English English Indonesian Indonesian
oleh

Pertumbuhan Lokal untuk Keadilan dan Kejayaan Indonesia Emas 2045

Oleh: TAJUDDIN NOER*

Kehancuran sebuah bangsa dimulai ketika keadilan digusur oleh keserakahan.

Kalimat ini bukan sekadar retorika, melainkan cermin nyata dari relasi kuasa yang timpang antara pusat dan daerah. Ketika elite pusat menguasai hampir seluruh Izin Usaha Pertambangan (IUP) di wilayah-wilayah kaya sumber daya seperti Sulawesi Tenggara, Papua, dan Kalimantan, yang terjadi bukanlah pembangunan—melainkan kolonialisme dalam wajah baru.

Daerah hanya menjadi “kuli kekayaan nasional”, tanpa suara yang setara dalam distribusi hasilnya.
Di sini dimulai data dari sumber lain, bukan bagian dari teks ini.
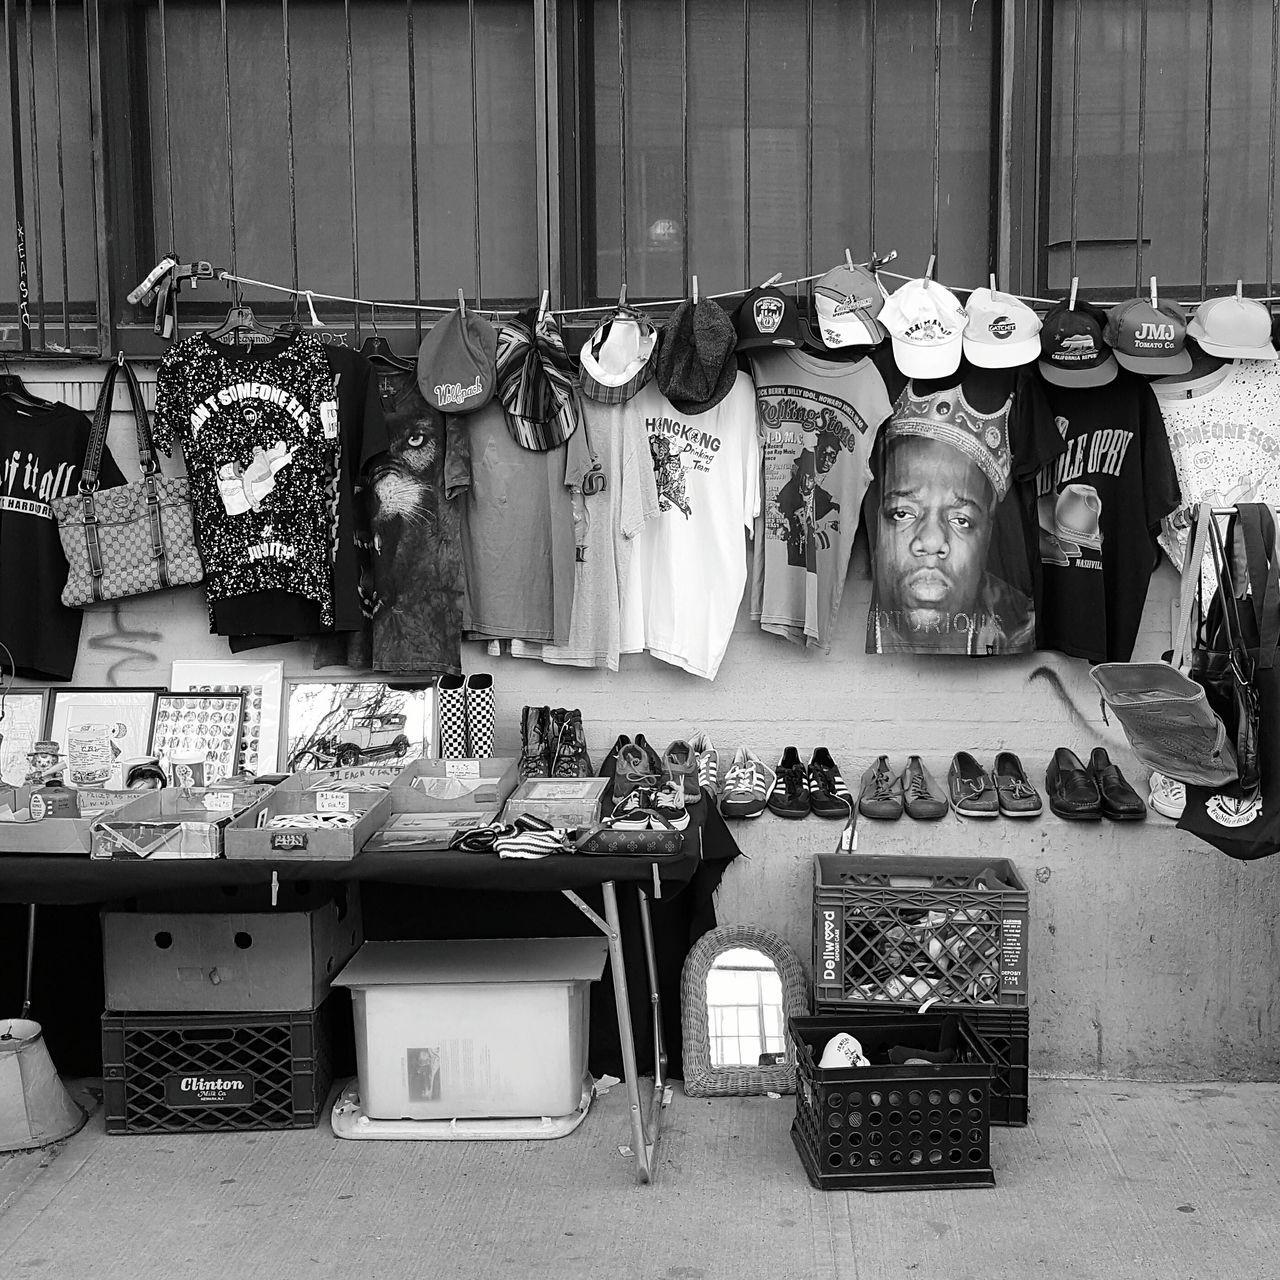 Sidewalk sale. NYC Photography EyeEmBestPics Streetphotography NYC Street Photography Streetartistry EyeEyem Mobile Photography Shootermag_usa Eeyem Photography Black & White Bnw_captures Bnw_friday_eyeemchallenge Urban Lifestyle No People Fashion Nostalgia NYC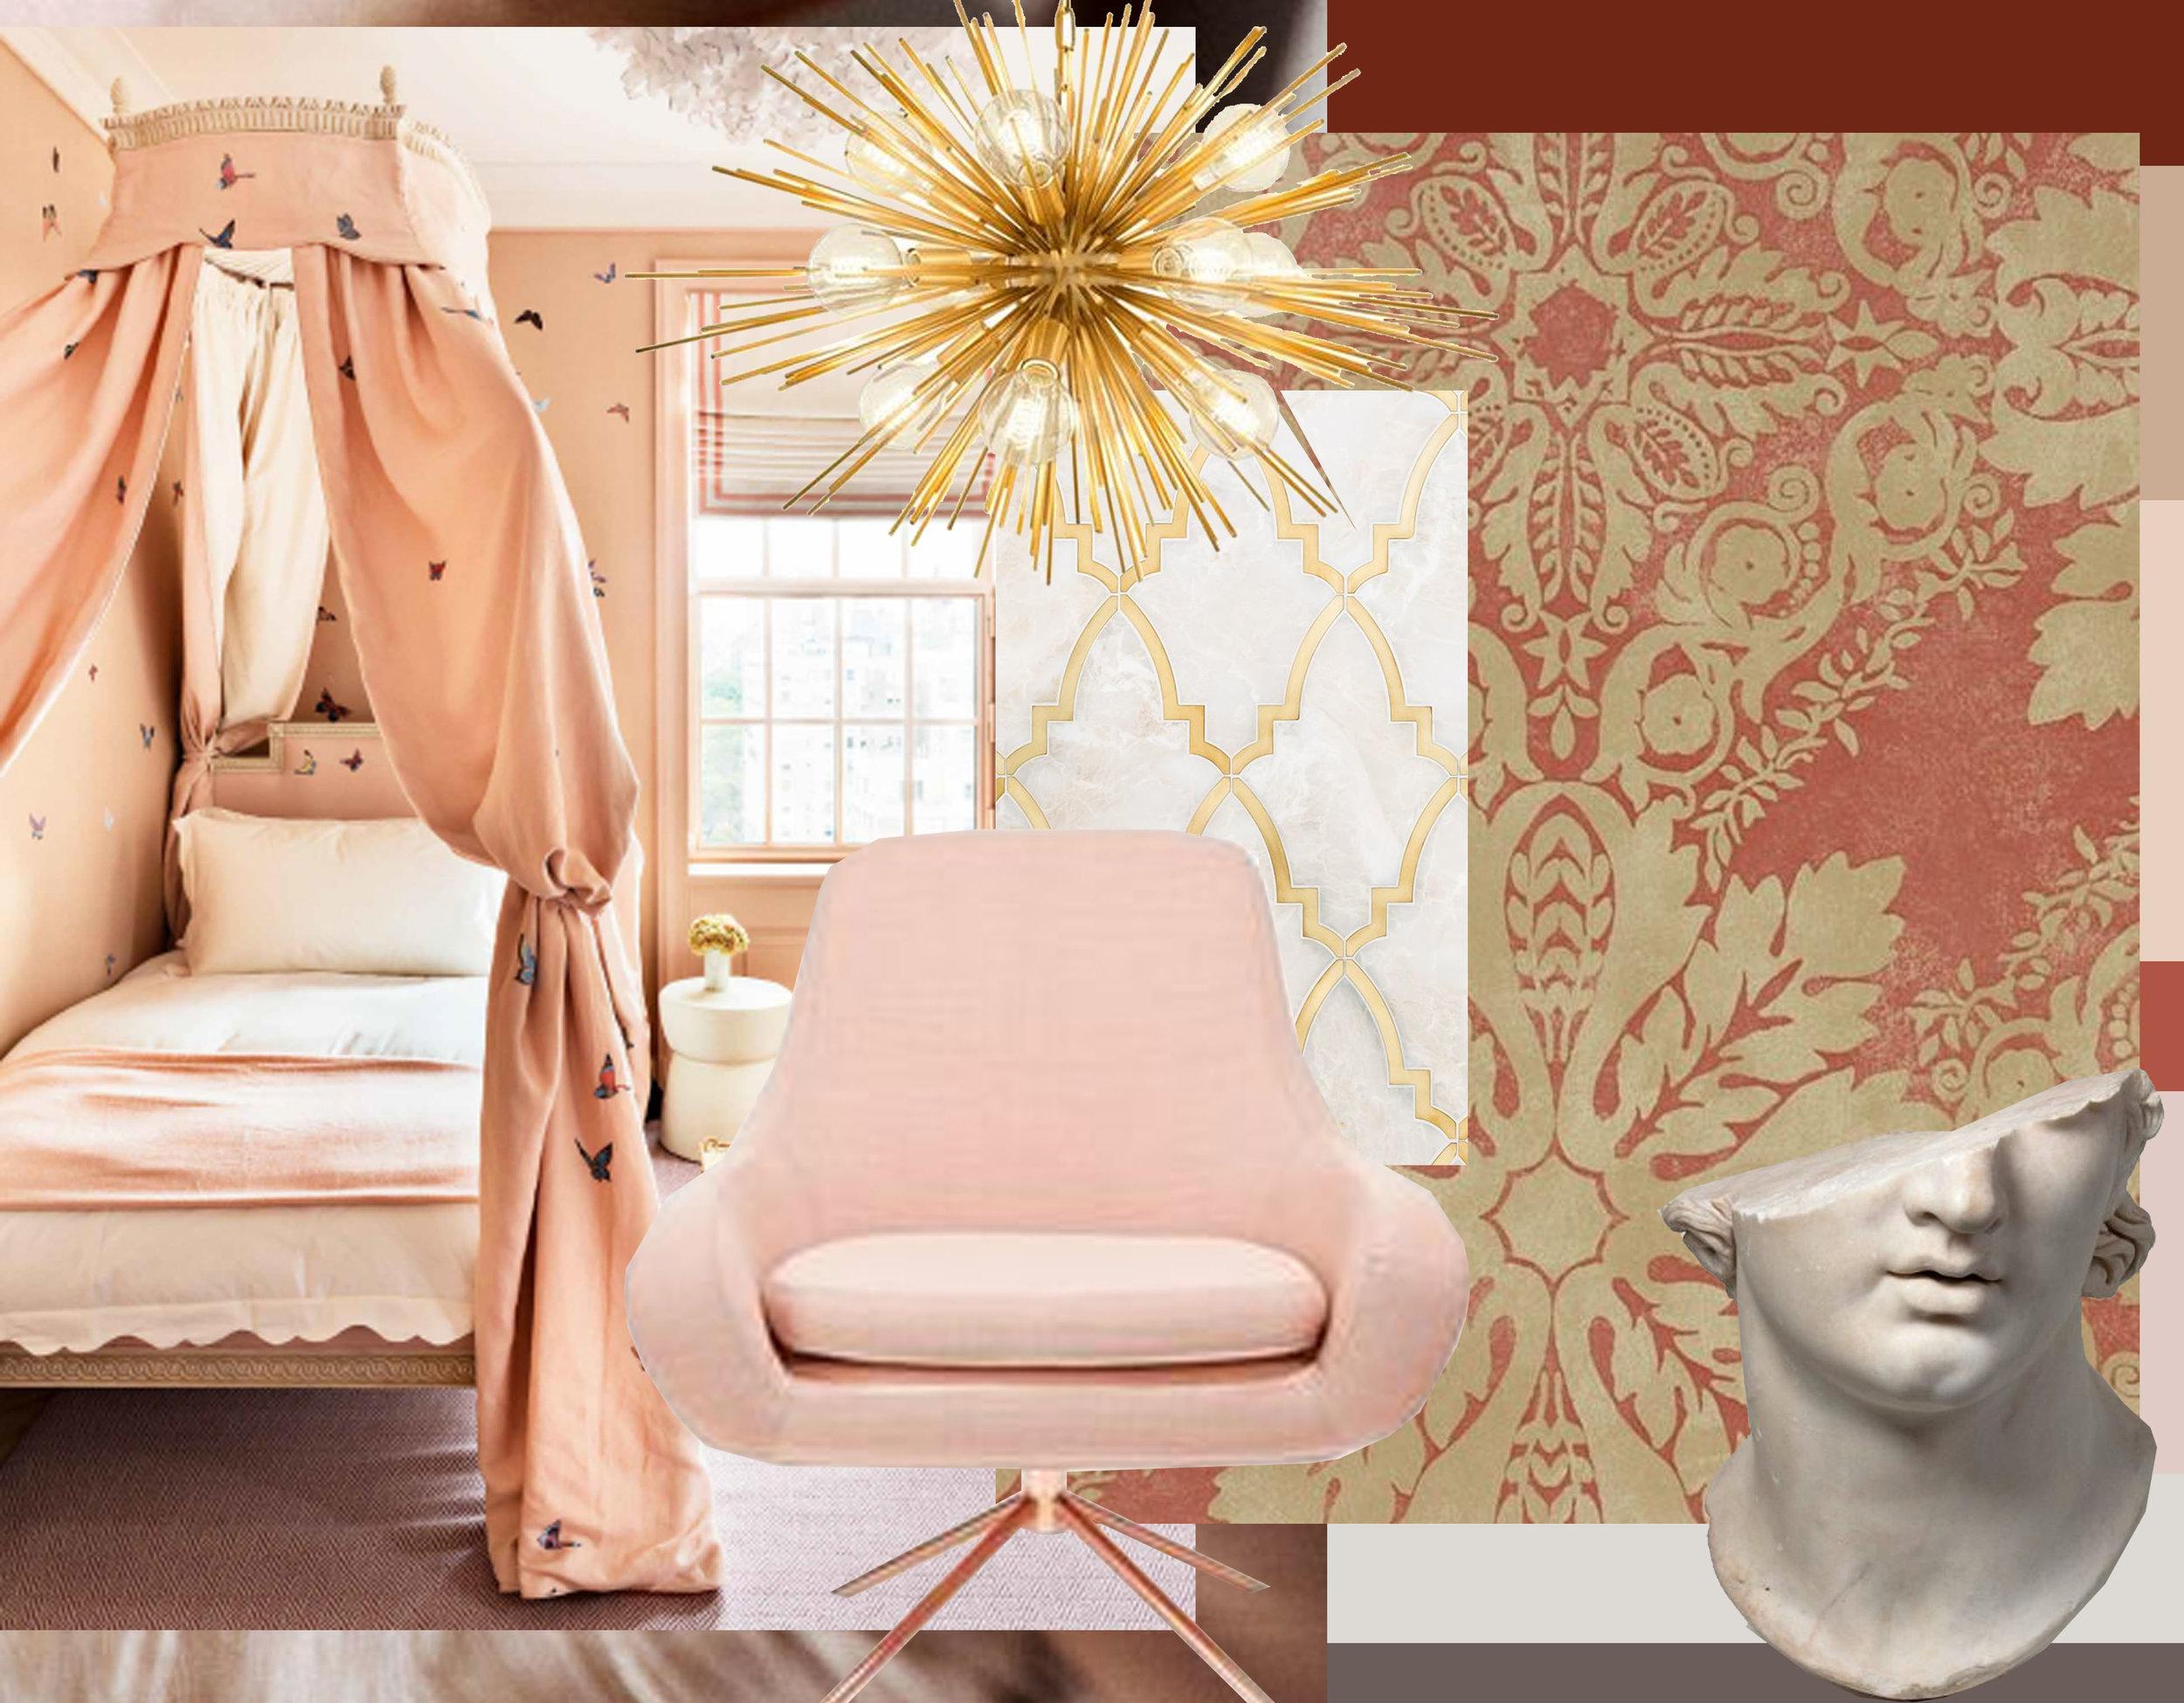 Image bedroom De Gournay via  Pictaram  - Boivin hanging lamp  Eichholtz  - Paris Grande marble mosaic  Mosaique Merchlar  - armchair - Medevi wallpaper  Zoffany  - statue via  Jaded Mandarin

Riset Badan Kebijakan Fiskal (BKF) menunjukkan, proporsi Dana Bagi Hasil (DBH) dari sektor tambang dan perkebunan tak pernah mencerminkan nilai ekstraksi yang terjadi di daerah.

Wilayah yang rusak lingkungannya, tergilas adatnya, dan koyak sosialnya, hanya menerima remah dari hasil tambang, setelah dipangkas habis oleh sistem perpajakan terpusat. Dalam situasi inilah, “Misi Perlawanan Lokal” menemukan momentumnya. Ini bukan sekadar penolakan administratif terhadap kebijakan pusat, tetapi perjuangan ideologis dan konstitusional.

Perjuangan untuk mengembalikan makna keadilan dalam pembangunan nasional, sebagaimana semangat Pasal 33 UUD 1945: bahwa bumi, air, dan kekayaan alam yang terkandung di dalamnya dikuasai oleh negara dan dipergunakan sebesar-besarnya untuk kemakmuran rakyat—bukan kemewahan elite.

Eksploitasi Timpang

Menurut Prof. Dr. Syahruddin Naim (2023), dominasi pusat dalam perizinan dan pengelolaan sumber daya telah menciptakan relasi eksploitasi yang timpang. “Keadilan tidak cukup diukur dari distribusi anggaran, tetapi dari siapa yang berhak menentukan arah pembangunan,” tegasnya dalam seminar nasional di Universitas Halu Oleo, Kendari.

Lebih dari 65% investasi tambang dan perkebunan dikuasai oleh perusahaan yang berafiliasi dengan elite Jakarta, menurut data Komite Pemantauan Pelaksanaan Otonomi Daerah (KPPOD). Jakarta menjadi episentrum kapitalisme ekstraktif, sementara daerah diposisikan sebagai lumbung yang terus digerus, tanpa proteksi sosial maupun kultural.

Ironisnya, sebagian elite lokal justru berperan sebagai perpanjangan tangan kekuasaan pusat. Bukan menjadi pelindung hak-hak rakyat, melainkan broker yang menjual tanah dan masa depan warganya sendiri. Dalam skenario seperti ini, perjuangan lokal bukan saja penting—melainkan mendesak. Harus ada rekonstruksi relasi kekuasaan, bukan sekadar redistribusi ekonomi.

Tokoh lokal seperti Ir. La Ode Muh. Farihin (Ketua Forum Daerah Tambang Berkelanjutan) menyebut bahwa kebangkitan lokal adalah prasyarat kejayaan Indonesia. “Jangan bicara Indonesia Emas kalau emasnya sendiri tidak dinikmati oleh rakyat di sekitar tambang,” ujarnya dalam forum publik di Kendari tahun 2024.

Perlawanan lokal bukan bentuk separatisme. Justru ini adalah bentuk paling autentik dari nasionalisme—karena berakar dari kesadaran akan keadilan dan martabat. Ketika rakyat daerah menuntut hak atas tanah, lingkungan, dan penghidupan yang layak, mereka sedang menyelamatkan republik dari kehancuran struktural yang menggerogoti fondasinya.